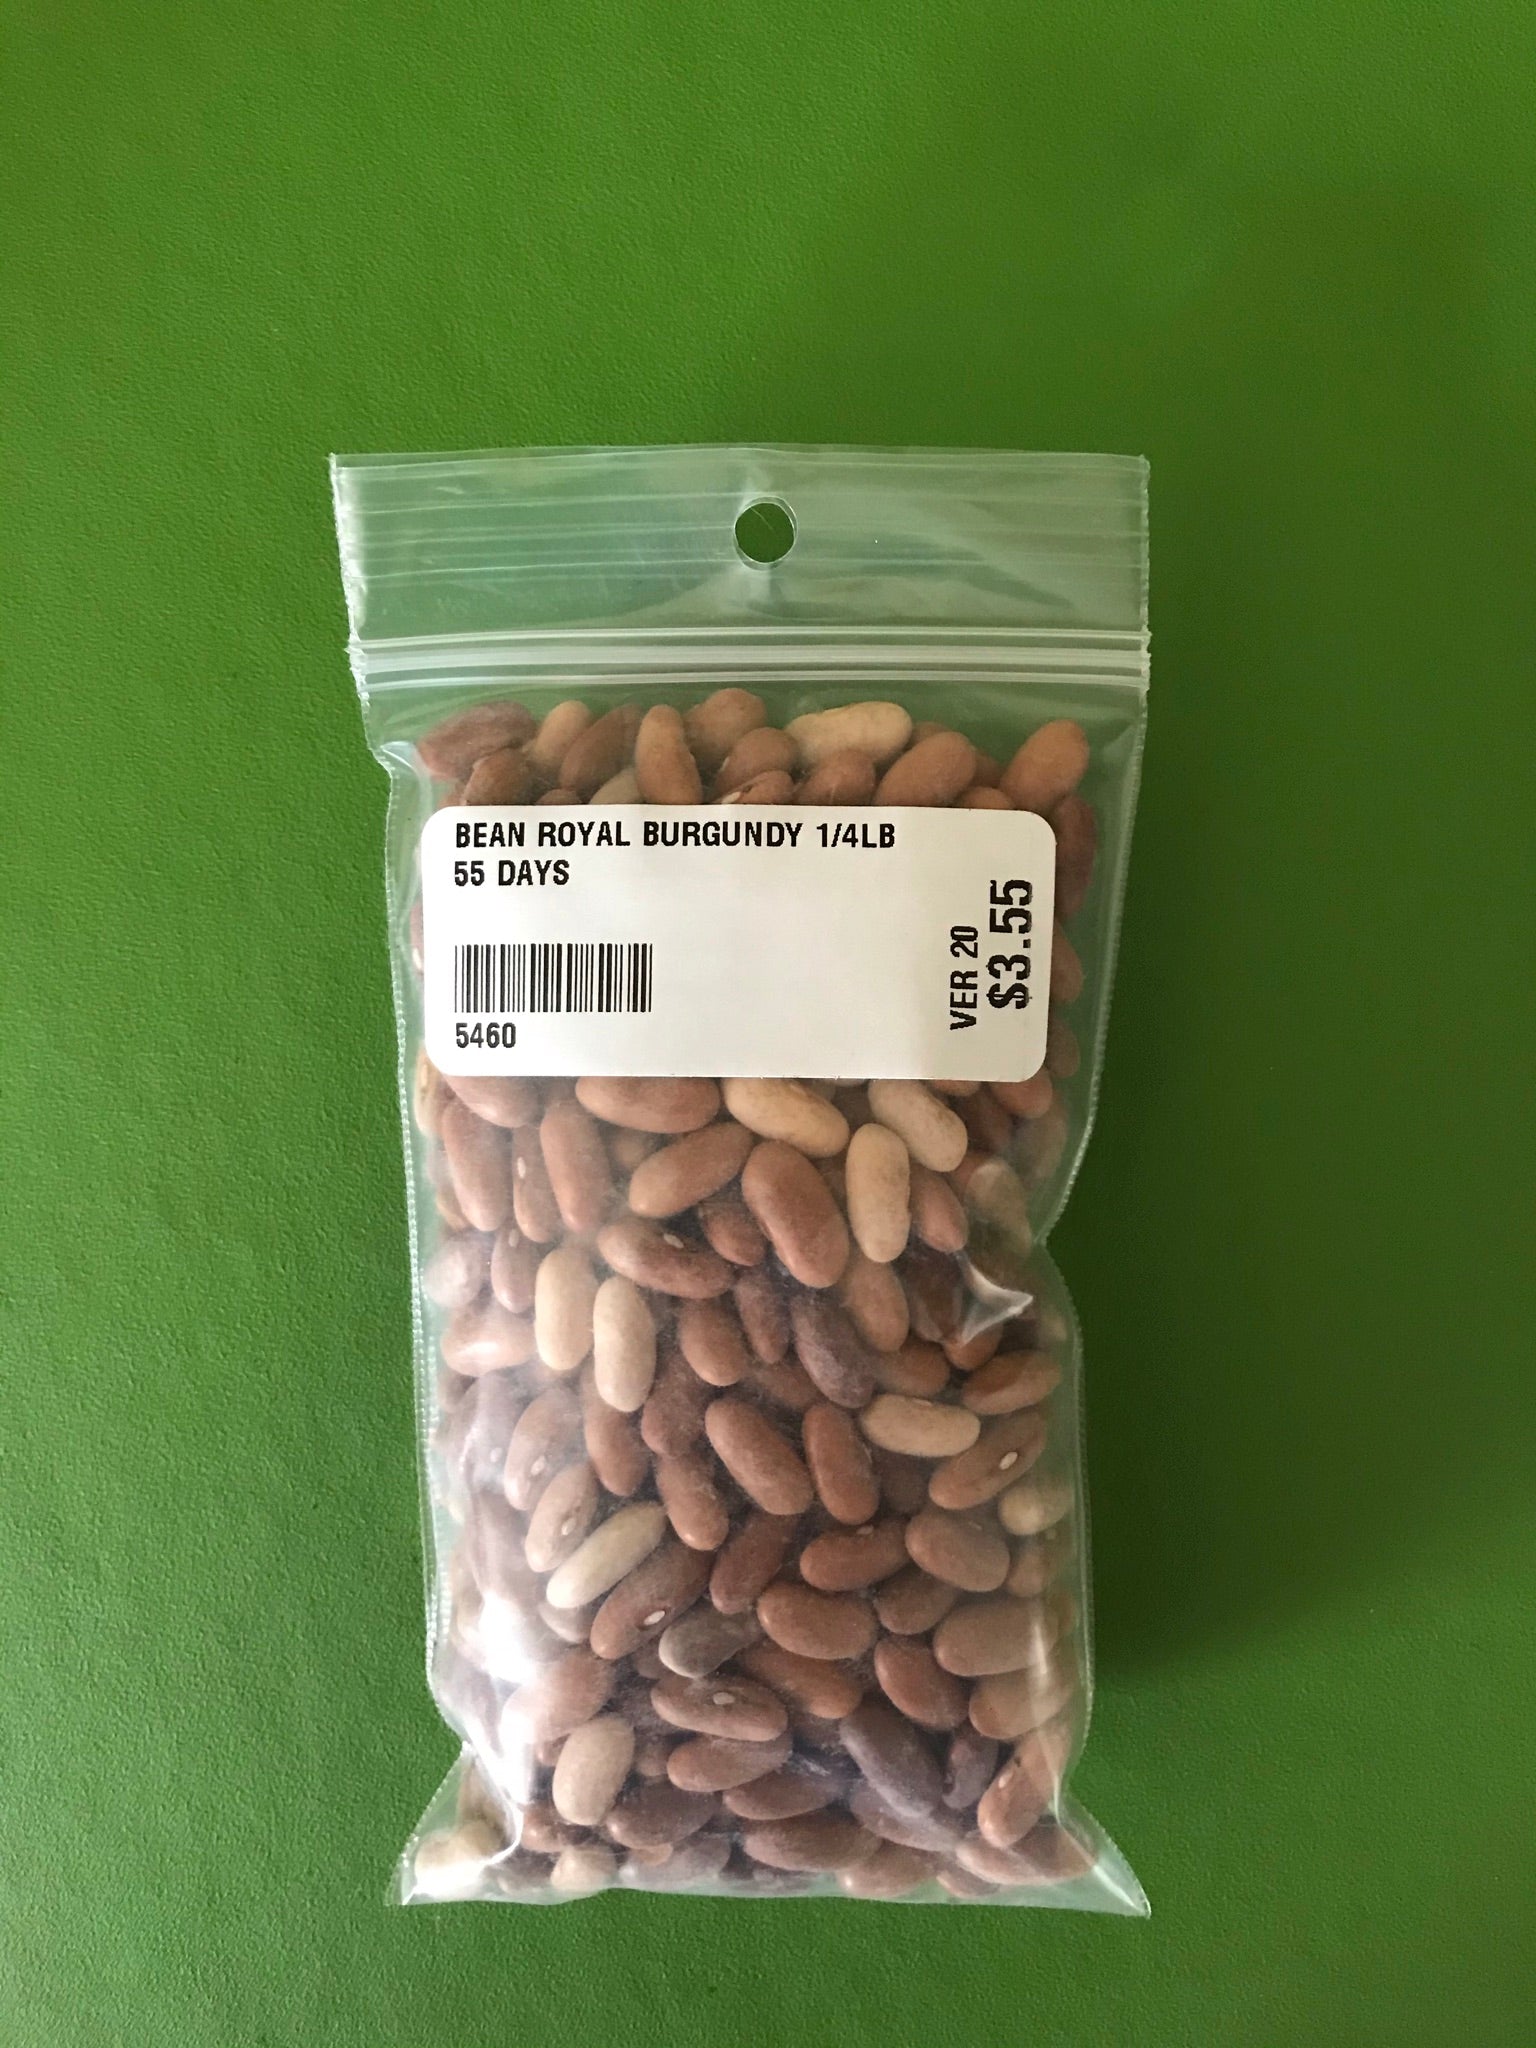 Royal Burgundy Bush Bean Seeds (55 Days) - 1/4 lb - Bulk 55 DAYS
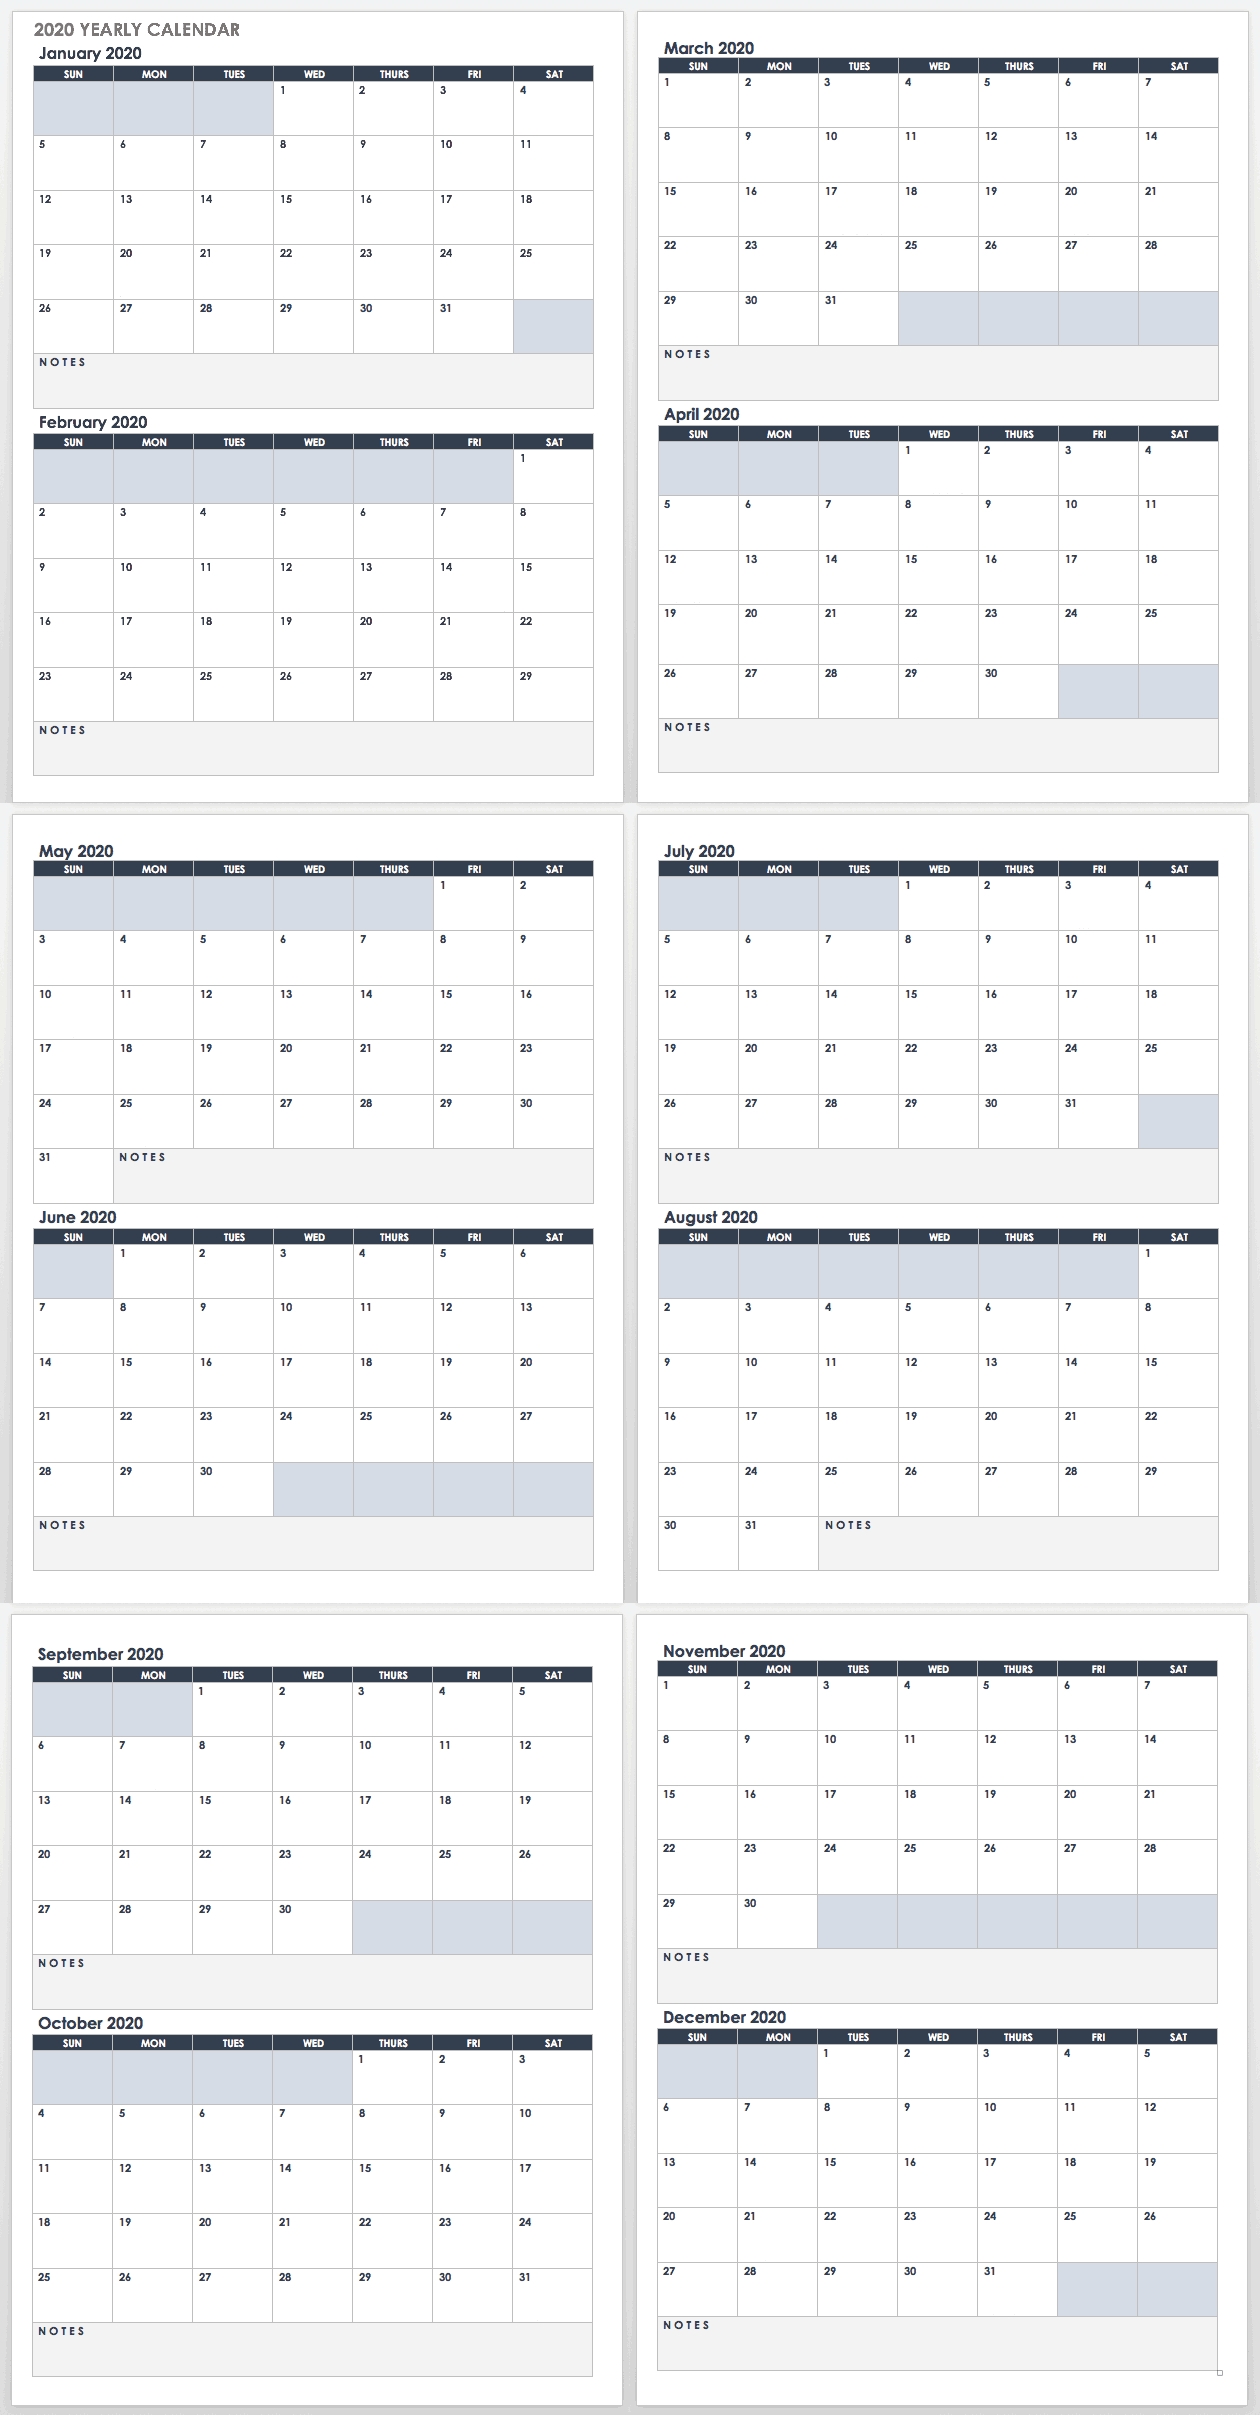 2020 Employee Attendance Calendar Free | Calendar For Planning with Employee Attendance Calendar 2020 Printable Free
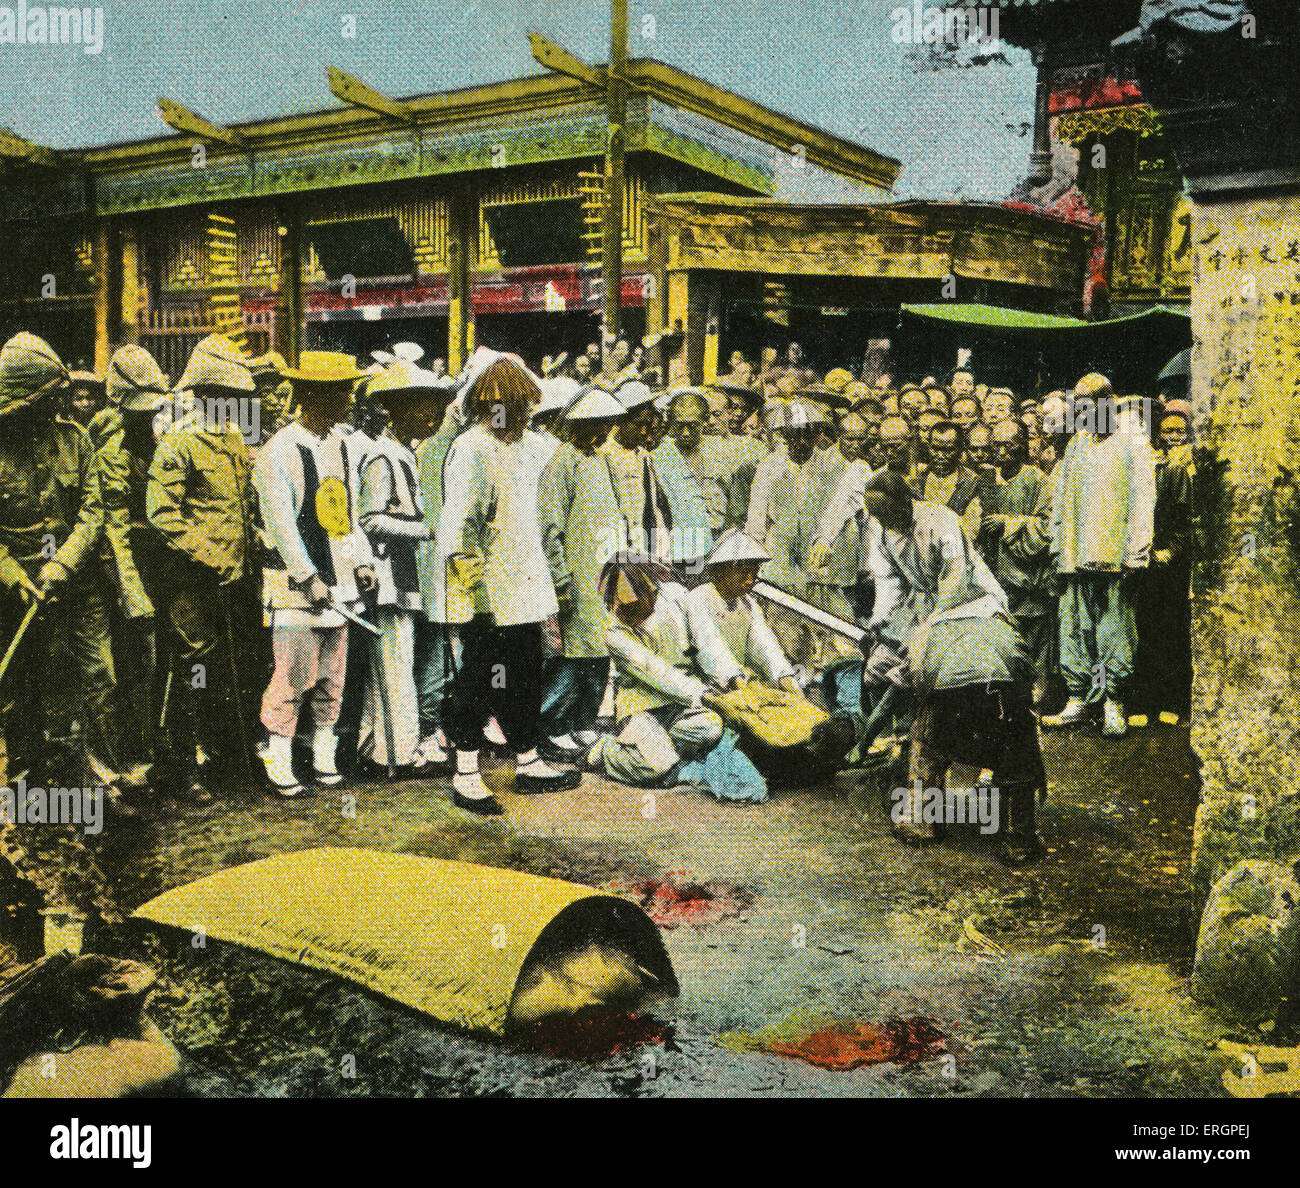 Ejecución pública, una multitud observa una decapitación por espada. China, a principios del siglo XX. Foto de stock

-----

WHAT NEEDS TO BE DONE = Your copy should match the listing exactly, apart from the pictures it leaves out.

THE COMPLETED TASK =
 Royal Burgundy Bush Bean Seeds (55 Days) - 1/4 lb - Bulk 55 DAYS
 2020 Employee Attendance Calendar Free | Calendar For Planning with Employee Attendance Calendar 2020 Printable Free
 Ejecución pública, una multitud observa una decapitación por espada. China, a principios del siglo XX. Foto de stock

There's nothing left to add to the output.